저 위의 cuda 등 환경세팅과 관해 기존에 설치된거 밀고 아까 알려드린 람다스택으로 다시 환경 세팅하고 그 위에서 모델 학습해보셨나요 *참고 : 람다스택 https://lambdalabs.com/lambda-stack-deep-learning-software

tf 버전문제, cudnn 문제 등등 언급해주신것들이 환경세팅과 관련된거같아 람다스택으로 한번에 세팅해서 그위에서 모델 학습 시켜보는게 가장 빠르지않을까싶어요.

hayleyshim commented 4 years ago

Errors may have originated from an input operation.
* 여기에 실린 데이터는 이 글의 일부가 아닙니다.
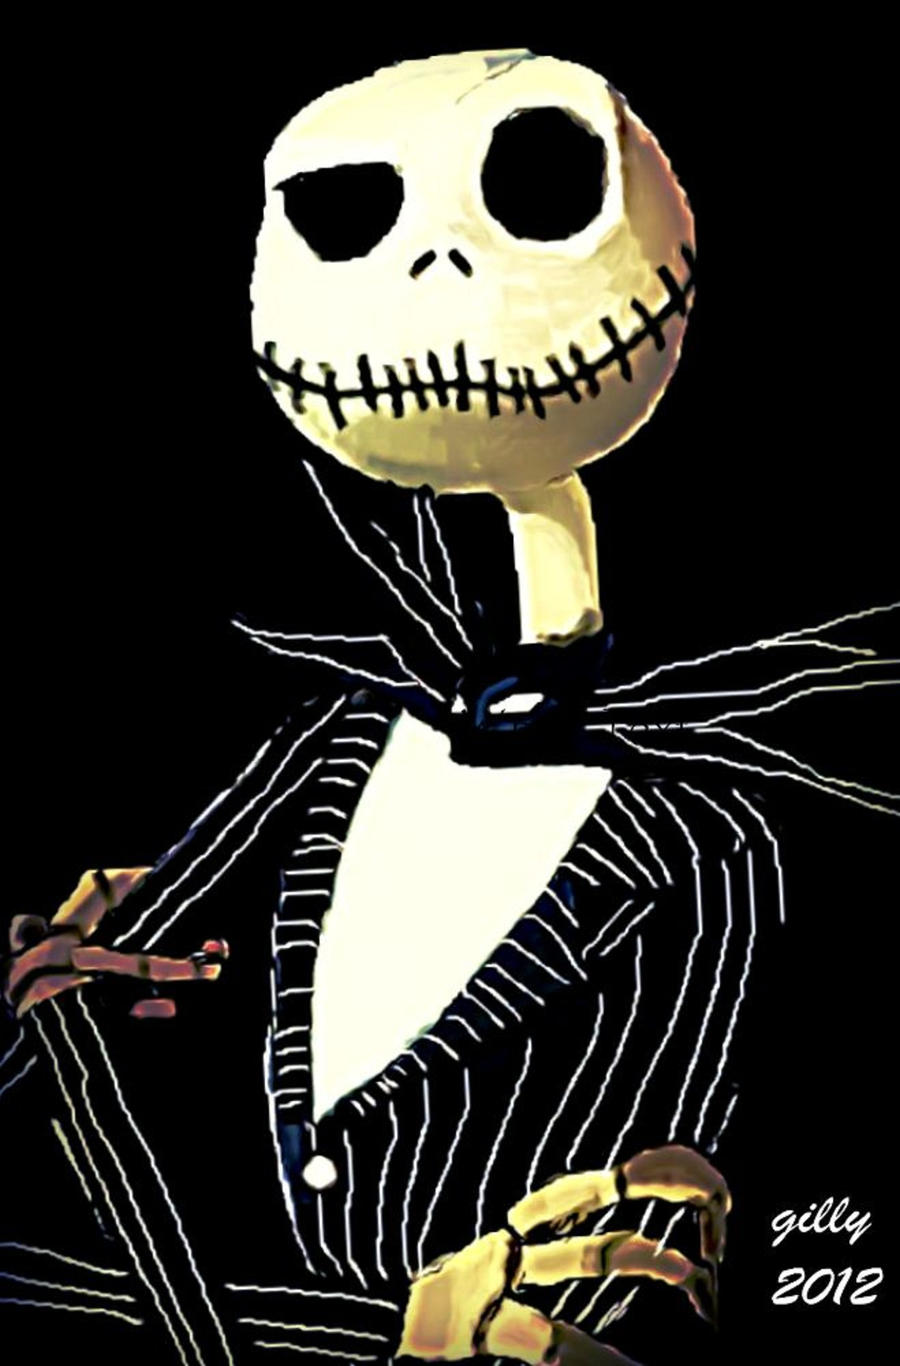 Jack The pumpkin king by gilly15 on DeviantArt

Input Source operations connected to node squeezenet_v0/conv1/conv2d/Conv2D:

이쪽 부분과 관련해서 비슷한 에러를 찾아보면 https://github.com/tensorflow/tensorflow/issues/24650 이렇게 나오는데 tf version 문제일까요

ddeokho commented 4 years ago

Screenshot from 2020-03-08 11-16-59

저도 예전에 설치할 때 버전 조건을 만족시키지 못해 꽤 고생했었는데 TF 2.1 이상 쓰려면 cuDNN을 7.6이상 써야할 거 같아요.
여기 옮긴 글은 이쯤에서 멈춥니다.